Картонная обложка от старой энциклопедии, обтянутая плотной тканью. Прошитый черными сапожными нитками и проклеенный пахучим самодельным клеем корешок. Книгу надо обязательно взять с собой. Это его главное сокровище. В ней все размышления и мысли о человеческой истории. О причинах того, что произошло с миром и людьми.
Плотная бумага уже успела пожелтеть. Основная часть труда была напечатана на пишущей машинке. Только первые десять глав он набрал на компьютере и распечатал на принтере, пока те у них еще были. Шрифты тоже отличались — вначале ровные, как из типографии («печать офсетная», так вроде бы это называли когда-то). Потом косые, словно пьяненькие: где-то слишком жирные, с потеками чернил, а где-то наоборот, бледные, плохо различимые. За время работы он сменил два принтера и четыре машинки — найти новую среди антикварного старья иногда было проще, чем ремонтировать. Чего только не найдешь, проверяя давно закрытые предприятия, заброшенные склады и деревни, вымершие еще до ядерной зимы, в мирное время!

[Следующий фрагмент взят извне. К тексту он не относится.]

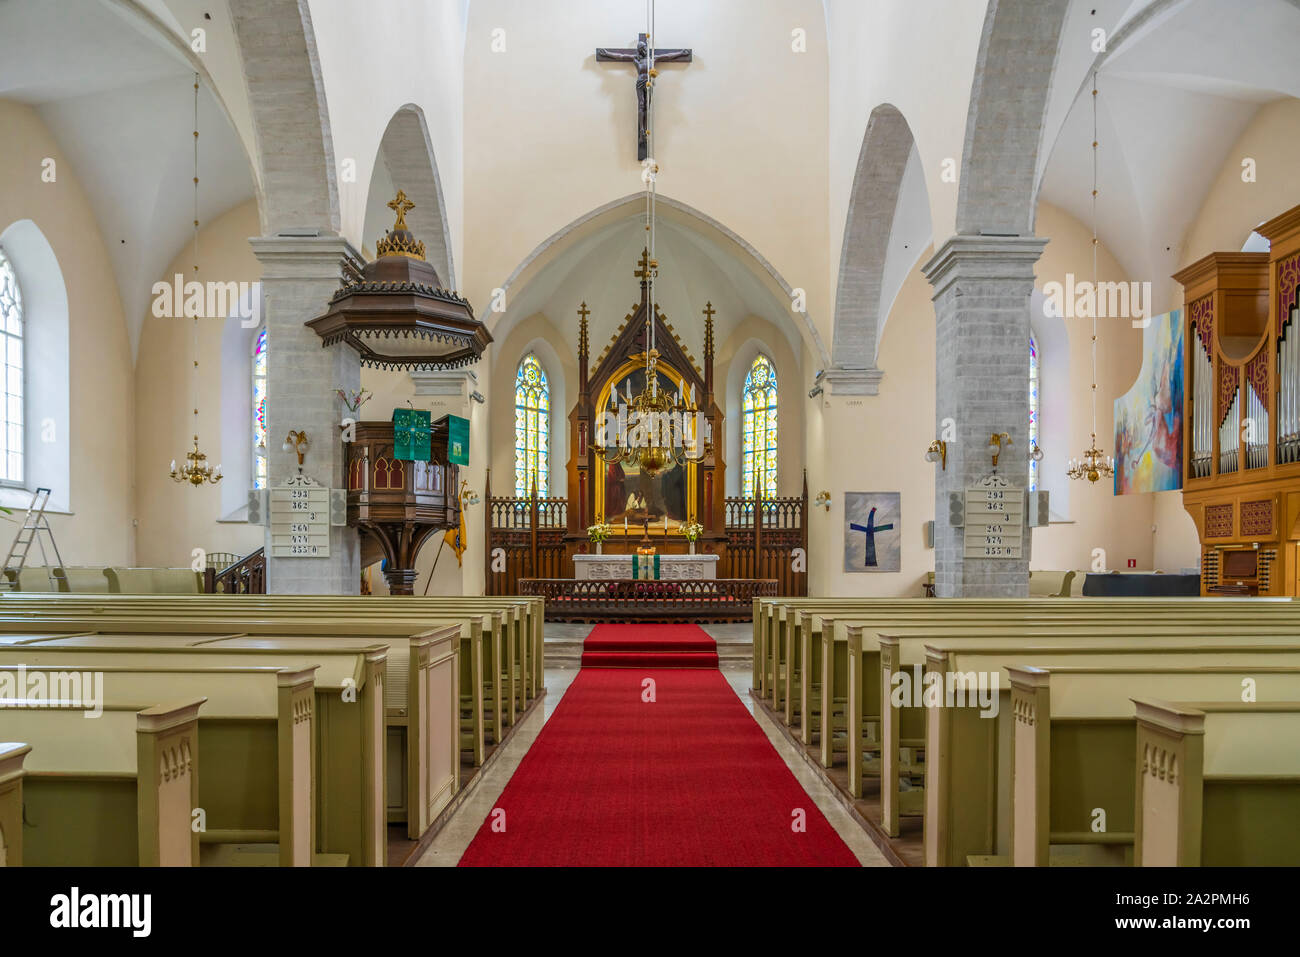 Das Innere der St. John's Church in Tallinn, Estland. Stockfoto

Александр Данилов-старший закрыл книгу и сунул ее в свой рюкзак. Встал, расправил плечи, поднял голову, будто стряхнув с себя многолетний груз. Глянул в зеркало — и остался доволен. Жалости его вид больше не вызывал. Теперь можно пойти и взглянуть на то, что осталось от города его детства, в последний раз.
«Отряхнем его прах с наших ног».
Он вышел, в сенях надел калоши и старую куртку, сунул в карман флягу с водой и кусок хлеба. Ничей сон он не потревожил. Осторожно закрыл за собой дверь и на цыпочках прошел мимо окна кухни. На крыльце он взял свою стариковскую палку (жена упорно звала ее «бадашок»). Путь предстоял неблизкий, вдруг устанет спина?
На жухлой траве лежала роса. С неба слегка накрапывало. В будке сонно заворчала Жучка, но, узнав хозяина, шум поднимать не стала. Он кинул ей горбушку хлеба. Ему самому хватит и маленького кусочка, с годами он ел и спал все меньше.
Так и не встретив никого из соседей, Александр миновал околицу и зашагал в сторону темневших вдали многоэтажных домов, где уже пятьдесят лет никто не жил.
Солнце и ветер звали в дорогу. Пока — близкую, а чуть позже — и дальнюю. Почти как раньше. Только теперь он будет не один.